Il y a, depuis Lion, un autre truc qui ne marche pas: si vous sélectionnez une application pour qu'elle s'ouvre automatiquement à l'ouverture de session, puis si vous cochez la case "masquer" afin qu'elle ne s'ouvre plus; elle continue à s'ouvrir quand-même. La case "masquer" de cette fenêtre des préférences est inefficace.

Mais Lion est assez récent pour que des mises à jour arrivent. je vais donc attendre, surtout qu'il ne s'agit que de détails.


----------



## MarcMame (29 Novembre 2011)

Plus exactement, la case "Masquer" n'empêche pas l'ouverture de l'application mais cette dernière ne doit pas s'afficher à l'écran : elle est masquée.


----------



## Louis Prunelle (30 Novembre 2011)

Non, je ne confonds pas: elle continue à s'afficher à l'écran.
Une nuance tout-de-même:
Le truc fonctionne pour les seules applications qui se sont mises automatiquement dans cette liste lorsque je les ai installées: Intego (antispam et washmachine) et Antidote.

Mais pour celles que j'ajoute, ça ne fonctionne pas.
J'ai, évidemment, essayé l'utilitaire de logement de mémoire, pour voir si en le supprimant après, ça changeait quelque-chose, mais non.


----------



## Leyry Hynemonth (30 Novembre 2011)

Est-ce que cela ne serait tout simplement pas dûe à une trappe mal refermée ?

Oui, mon hypothèse vous semble idiote ? C'est normal : Je n'ai jamais eu de MacPro entre mes mains. Même dans les AppleStore, je ne m'en approche pas. :rose:


----------



## Louis Prunelle (30 Novembre 2011)

N'ayant jamais touché un Mac G, je ne sais pas quelles sont les différences entre les deux.
Mais une trappe mal fermée sur le Mac Pro, il faut vraiment le vouloir.
Ça me semble même impossible, surtout plusieurs fois de suite (quand je me suis tapé la procédure conseillée par SadChief).


----------



## fau6il (30 Novembre 2011)

Louis Prunelle a dit:


> Curieux, non&#8201;? Pour un logiciel non prévu pour fonctionner avec Lion...



_En effet!!! :mouais:
Mais c'est le message qui s'affiche sur l'écran quand je clique sur l'application. _


----------



## polpaulin (10 Décembre 2011)

donc pour mon sujet --> http://forums.macg.co/mac-pro-et-xserve/ram-ajouter-2x4-943492.html#post10381052



> actuellement j'ai 6 x 2gb de RAM sur un MAC pro de fin 2009
> et ce que le fait de rajouter 2 x 4 gb sur les 2 slots libres  ( http://www.crucial.com/uk/store/mpar...357C5FA5CA7304  )  pose un problème ?

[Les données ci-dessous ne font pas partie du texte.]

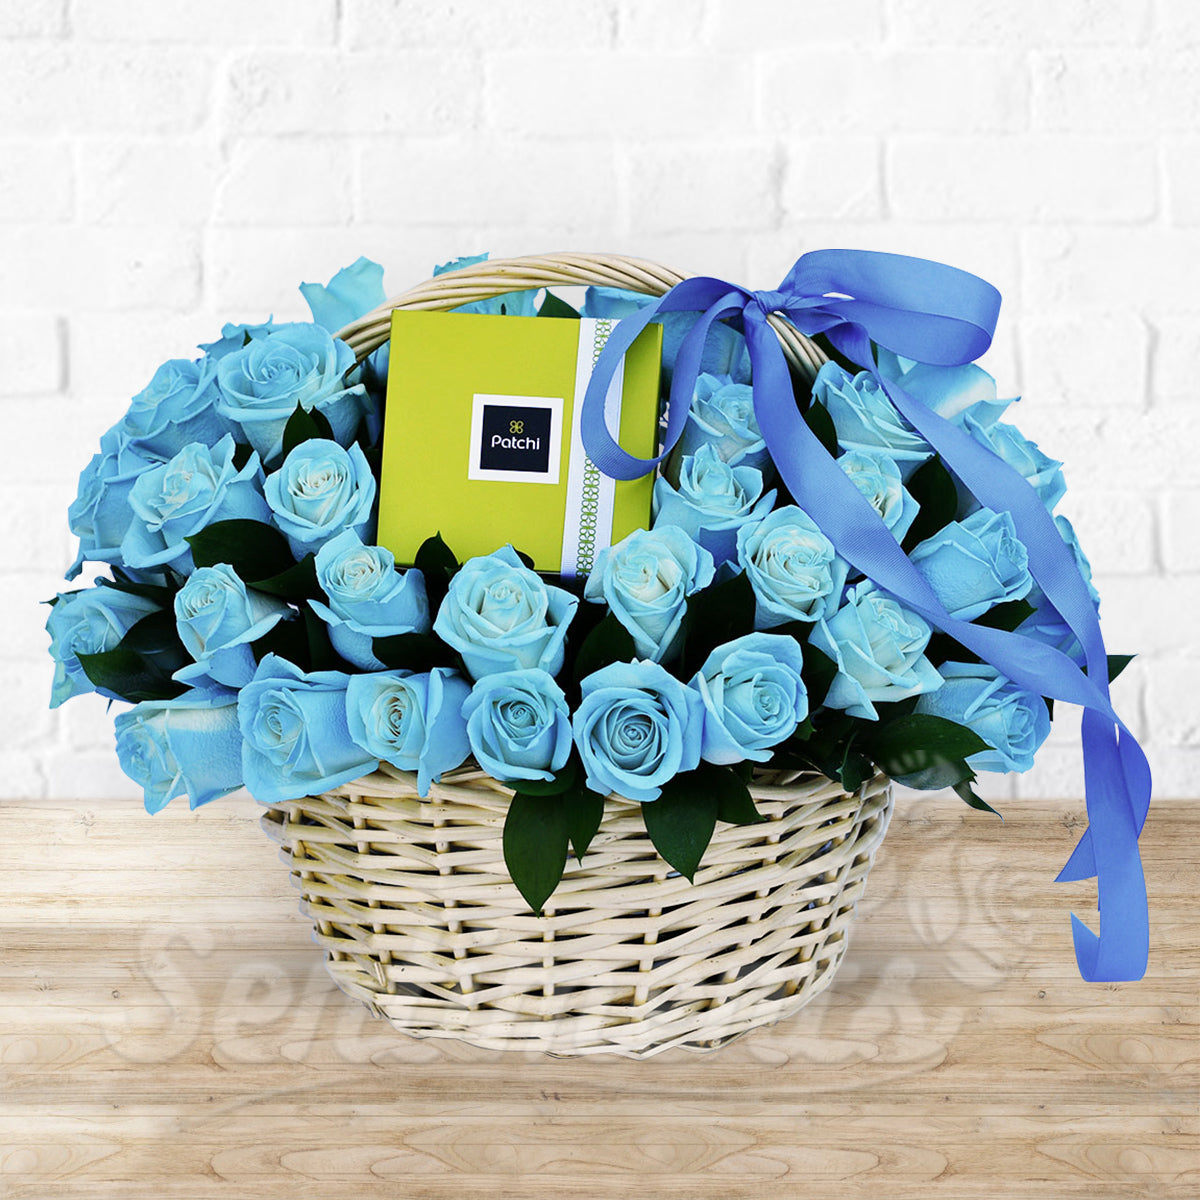 Bluer than Blue Romantic Roses Flower Arrangement with Patchi Chocolate

je ne dois pas le faire  ? (sous Snow Leopard mais je passerais a Lion quand il y aura plus tous ces problemes), la RAM est certifiee compatible selon l'utilitaire de crucial

merci


----------



## Louis Prunelle (10 Décembre 2011)

Avez-vous lu toute cette page&#8201;?
Quand vous aurez placé les deux nouvelles barrettes (respectez bien les précautions de manipulation, et en particulier, faites gaffe à décharger votre électricité statique en touchant votre machine, éteinte, bien sûr, mais reliée à la terre, avant de toucher aux barrettes); refermez et allumez votre machine.
Une petite fenêtre de l'utilitaire de logement de mémoire vous dira qu'elles sont bien placées, ou vous indiquera précisément quelles modifications d'emplacements vous devez faire.
Dans ce cas, éteindre à nouveau pour obéir, en respectant à nouveau les précautions de manipulation.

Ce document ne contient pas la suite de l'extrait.